If you have options for work, I'd explore them. The need for electricians will never go away, the problem right now is we don't need as many as we have and we won't need this many for a while to come (if ever).


----------



## doubleoh7 (Dec 5, 2009)

hardworkingstiff said:


> Move on to ......... what?
> 
> If you have options for work, I'd explore them. The need for electricians will never go away, the problem right now is we don't need as many as we have and we won't need this many for a while to come (if ever).


 
Most 3rd world crapholes don't have a need for very many electricians.


----------



## hardworkingstiff (Jan 22, 2007)

doubleoh7 said:


> Most 3rd world crapholes don't have a need for very many electricians.


We are a long way from 3rd world status, but I get your point.


----------



## doubleoh7 (Dec 5, 2009)

hardworkingstiff said:


> We are a long way from 3rd world status, but I get your point.


 

We are well on our way. Our economy and distribution of wealth is looking more like a 3rd world craphole everyday.


----------



## knowshorts (Jan 9, 2009)

You need to weigh your options and only you can make the best decision for yourself.


----------



## HARRY304E (Sep 15, 2010)

headrec said:


> Hey
> 
> Layoffs tend to be a typical thing in the union setting from what I've noticed, especially due to the economy as of late. How is everyone dealing with it?
> 
> ...





> my unemployment benefits makes anything short of a good paying job not worth it.

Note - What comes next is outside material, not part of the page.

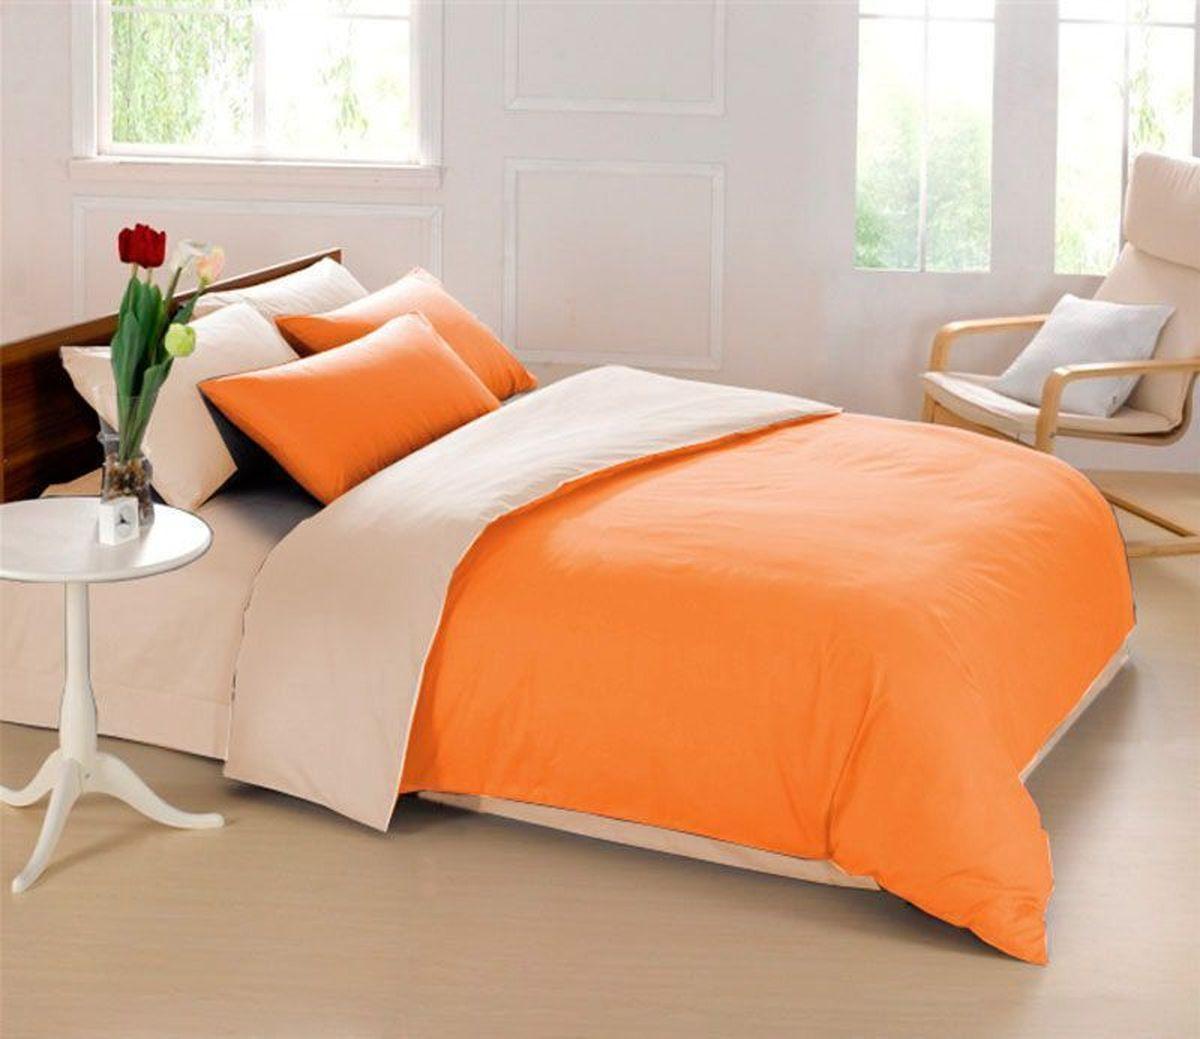 Постельное белье Sleep iX Perfection, семейный, цвет: оранжевый, бежевыйpva215421Известно, что цвет напрямую воздействует на психологическое и физическое состояние человека. Специально для наших покупателей мы внесли описание воздействия каждого цвета в комплекты постельного белья Perfection. Оранжевый – вызывает ощущение теплоты, бодрости, веселья, создает хорошее настроение. Оранжевый омолаживает, возбуждает аппетит, способствует оптимистическому настрою и гармонии с окружающей средой. Бежевый – обладает внутренней теплотой, заряжает положительной энергетикой и способствует формированию душевной гармонии. Человек ощущает себя в окружении бежевого цвета очень спокойно. Производитель: Sleep iX Материал: Микрофреш (100 г/м2) Состав материала: 100% микрофибра Размер: Семейное (2 пододеял.) Размер пододеяльника: 150х220 см Тип застежки на пододеяльнике: Молния (100 см) Размер простыни: 220х240 (обычная) Размер наволочек: 50х70 и 70х70 (по 2 шт) Тип застежки на наволочках: Клапан (20 см) Упаковка комплекта: Подарочная...

You are suposed to be looking for a job every week.
When you report every week that you are looking for work to get a check and you are just milking the system. then you are committing a crime..:no:

Its funny when your unemployment benefits run out all of a sudden you will find a job.:laughing:


----------



## nitro71 (Sep 17, 2009)

So you might be out of work till May? Welcome to construction. My advice is to stick out the apprenticeship. Get your JW card then see how it's working for you.


----------



## BuzzKill (Oct 27, 2008)

headrec said:


> my unemployment benefits makes anything short of a good paying job not worth it. I rather work for my money but when it's costing me more to work then not work I have to be realistic.
> ?


Realistic is taking that low paying job and quit taking welfare to not work. :no:


----------



## ousoonerfan3 (Jun 29, 2008)

HARRY304E said:


> You are suposed to be looking for a job every week.
> When you report every week that you are looking for work to get a check and you are just milking the system. then you are committing a crime..:no:
> 
> Its funny when your unemployment benefits run out all of a sudden you will find a job.:laughing:


If he is union, he is probably exempt from job searching, at least thats how it works here. If you are on the books, you fulfill the job search requirement.


----------



## 2phase5wire (Jan 9, 2011)

HARRY304E said:


> You are suposed to be looking for a job every week.
> When you report every week that you are looking for work to get a check and you are just milking the system. then you are committing a crime..:no:
> 
> Its funny when your unemployment benefits run out all of a sudden you will find a job.:laughing:



You know what's really funny? Watching a guy talk really, really passionately about something he is so dead set certain on only to know he couldn't be further from right.:laughing:



Let me learn you something right quick, did you know that signing a hiring halls book as a union member satisfies the "looking for work" requirement.

Now stop talking out your rear, it sounds muffled sitting up there on your high horse.


----------



## 2phase5wire (Jan 9, 2011)

HARRY304E said:


> You are suposed to be looking for a job every week.
> When you report every week that you are looking for work to get a check and you are just milking the system. then you are committing a crime..:no:
> 
> Its funny when your unemployment benefits run out all of a sudden you will find a job.:laughing:



Another thing, weren't you participating in an earlier thread about cheating on your taxes because you don't agree with them??? 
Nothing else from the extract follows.